Abstract

Abstract Background Ascertaining and discussing resuscitation status should be a routine part of medical practice. However, it is frequently neglected until a patient is acutely unwell. The National Consent Policy1 recommends that discussion around “Do not attempt cardiopulmonary resuscitation” (DNACPR) orders should occur for patients with “an identifiable risk of cardiorespiratory arrest occurring”. The Clinical Frailty Scale is a useful tool for providing predictive information about the risk of death in older patients2. Along with the presence of comorbidities, it can assist with determining prognosis and identifying patients for whom early discussion about resuscitation status is appropriate. Methods A chart review was carried out of all 106 inpatients in a model 3 hospital. Data was extracted on demographic information, frailty score and resuscitation status. Results The average age of inpatients was 79.8 years. On admission, the average Clinical Frailty Scale score was 5 (mildly frail), with 15% having a frailty score of 7 or more, and 28% a diagnosis of dementia. 25.5% of inpatients had a DNACPR order in place.
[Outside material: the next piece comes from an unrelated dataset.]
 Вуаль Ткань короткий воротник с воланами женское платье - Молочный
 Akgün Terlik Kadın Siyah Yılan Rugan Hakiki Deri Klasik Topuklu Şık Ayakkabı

It took an average of 32.4 days (range 0-224 days) from admission until this decision was made. Conclusion As we are caring for an older population with frailty; care planning, including resuscitation status should be discussed at an earlier stage. Ideally, this should occur on admission for certain patients, particularly those with high levels of frailty and multiple comorbidities. Our current practice, in which DNACPR decisions sometimes take place after a prolonged admission, is suboptimal. A change to the medical admission proforma, adding a prompt for discussion of DNACPR orders will be considered.